Having high hopes and a level of excitement when beginning to bet on football is fine. To think you are some scary genius who is going to pulverize the book for a lifetime is not. It doesn't work that way–regardless of how well you might be doing at the moment. Success can be a scary thing for those ill-prepared to handle it. In a lot of ways, success poisons more bettors than simply losing bets.

There are betting men out there who become intoxicated by even brief moments of success. We've probably all had friends who after 3-4 good weeks betting football are now seriously considering themselves professionals. They see this as a new job. And then whatever pixie dust they had floating around in their heads disappears and they are sent crashing down to reality. Contrast that mindset with the guy whose expectations are in-line.

If a pro can pull 60% even in a season where he's really hot, he's still losing 40% of his bets. All he is trying to do is pull the string and have the curtains move in the direction he wants a little more often than it doesn't. When a bad weekend or stretch of them ends in losing fashion, the guy with reasonable expectations can shake it off and chalk it up to just being the nature of the beast. The guy who quit his job to be football bettor after 6 good weeks is more likely to unravel after a bad run.

For most of us, both examples are extremes. We are not a professional bettor nor are we gambling degenerates with issues of self-delusion. We're somewhere in the middle–guys trying to make an extra buck. We realize the guys who are behind making the lines are the real pros and we're just sheep who are being led to the slaughter at a 98% rate. We know our limitations and how easy it is to become just another casualty lost in the world of football betting.

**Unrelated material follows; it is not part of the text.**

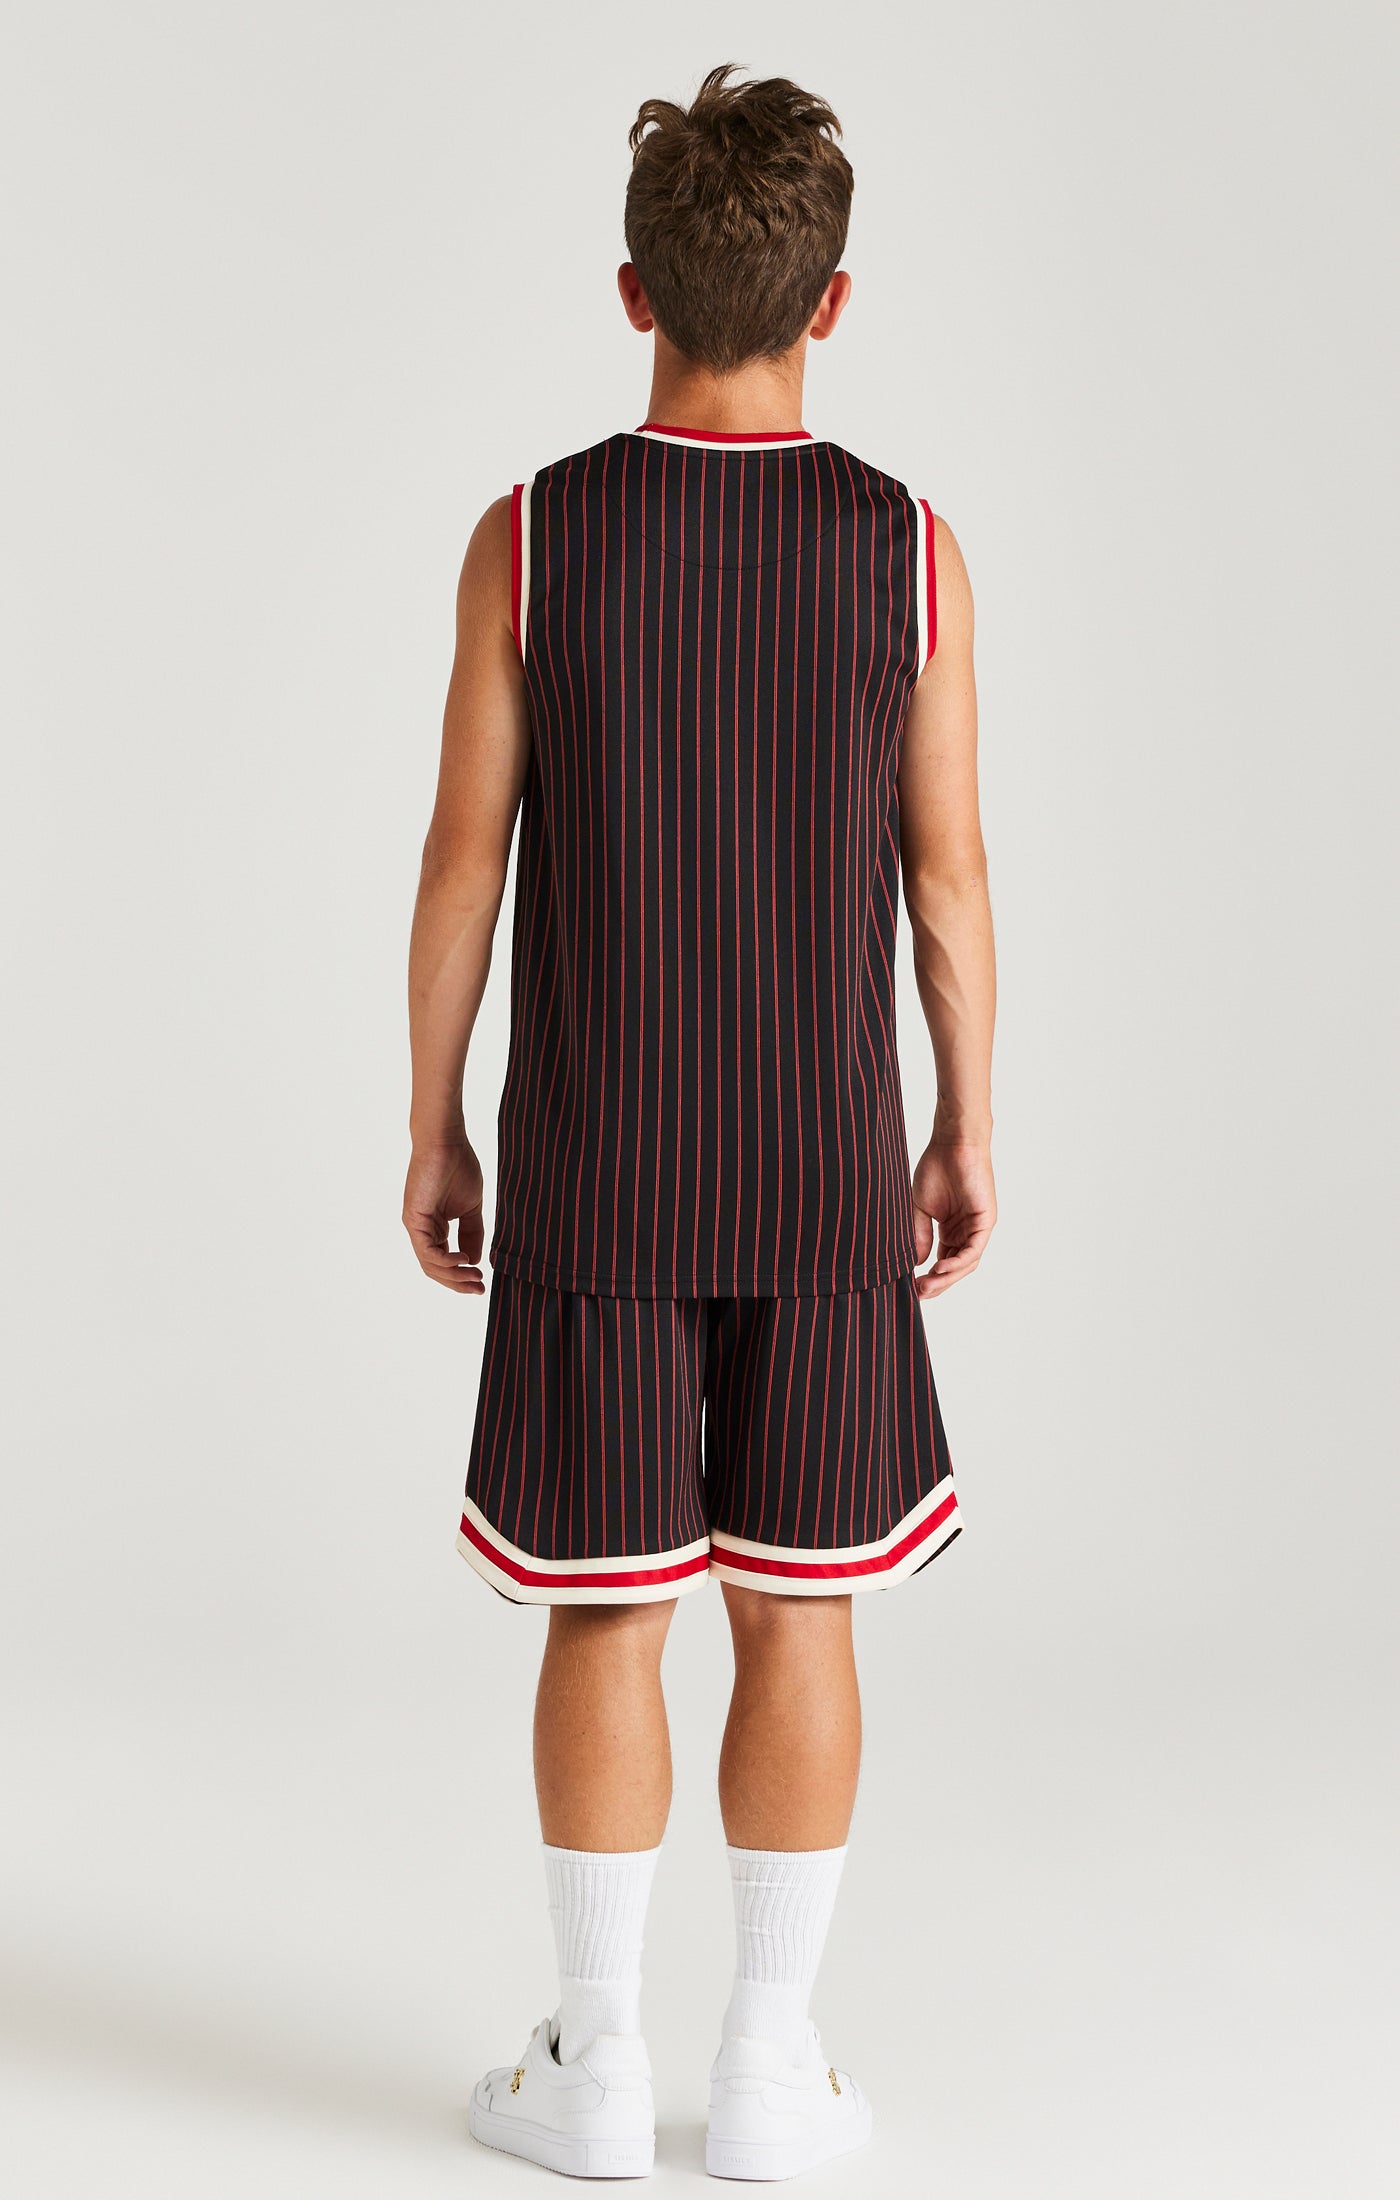 Load image into Gallery viewer, SikSilk Retro Classic Basketball Vest - Black (4)

A big problem for a lot of guys is a sense of entitlement. They feel that success in football betting is something they have coming to them. After all, they're the guys who know more about the game than all their friends. When watching a game, they are the ones making the most stimulating remarks. They're big shots on the football forums and dominate fantasy leagues. They naturally feel they can use their football wits to slug it out with the bookie and come out with a profit.

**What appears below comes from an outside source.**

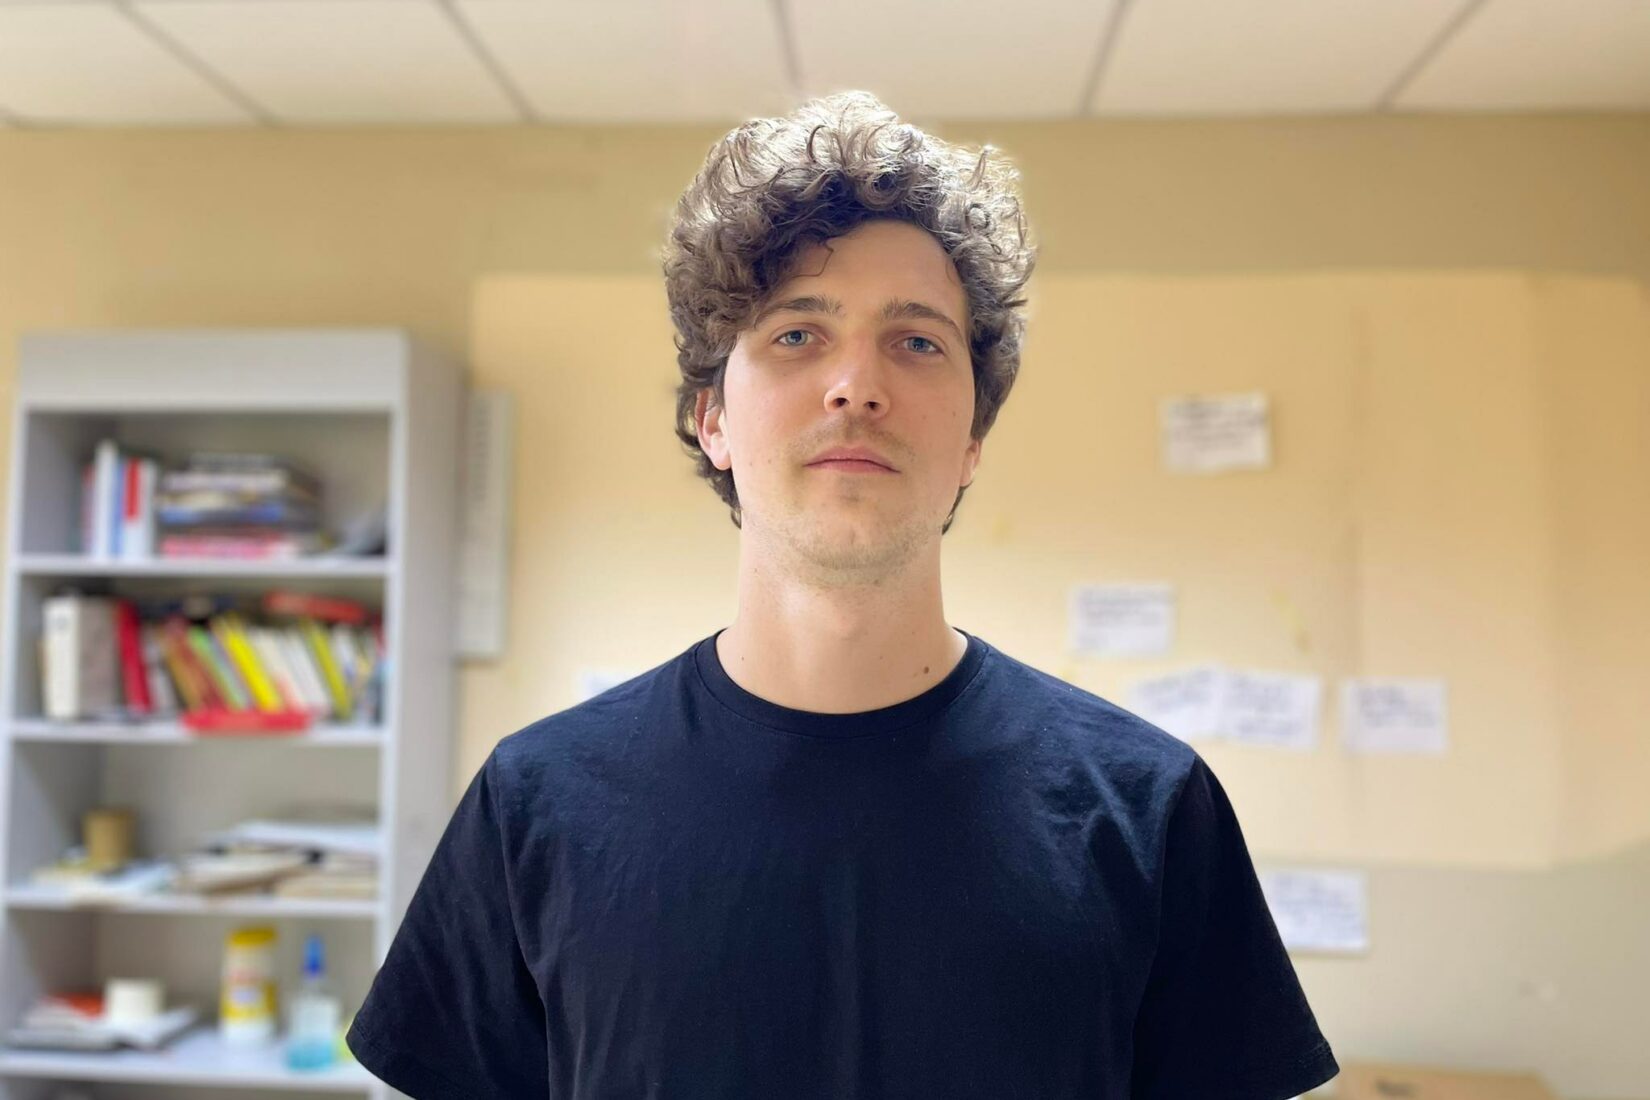 Portrait of a young man standing in classroom. Wears a black t-shirt.

As we all know, it doesn't work that way. You could know enough about football to become an ESPN analyst and that gets you nowhere in the world of football wagering. You don't see bookies running for cover over picks made by the “Swami” or Lee Corso. We realize that becoming part of the 2% that makes it at football betting in the long-run takes a special breed and it requires an awful lot of time and results to crack into that upper pantheon.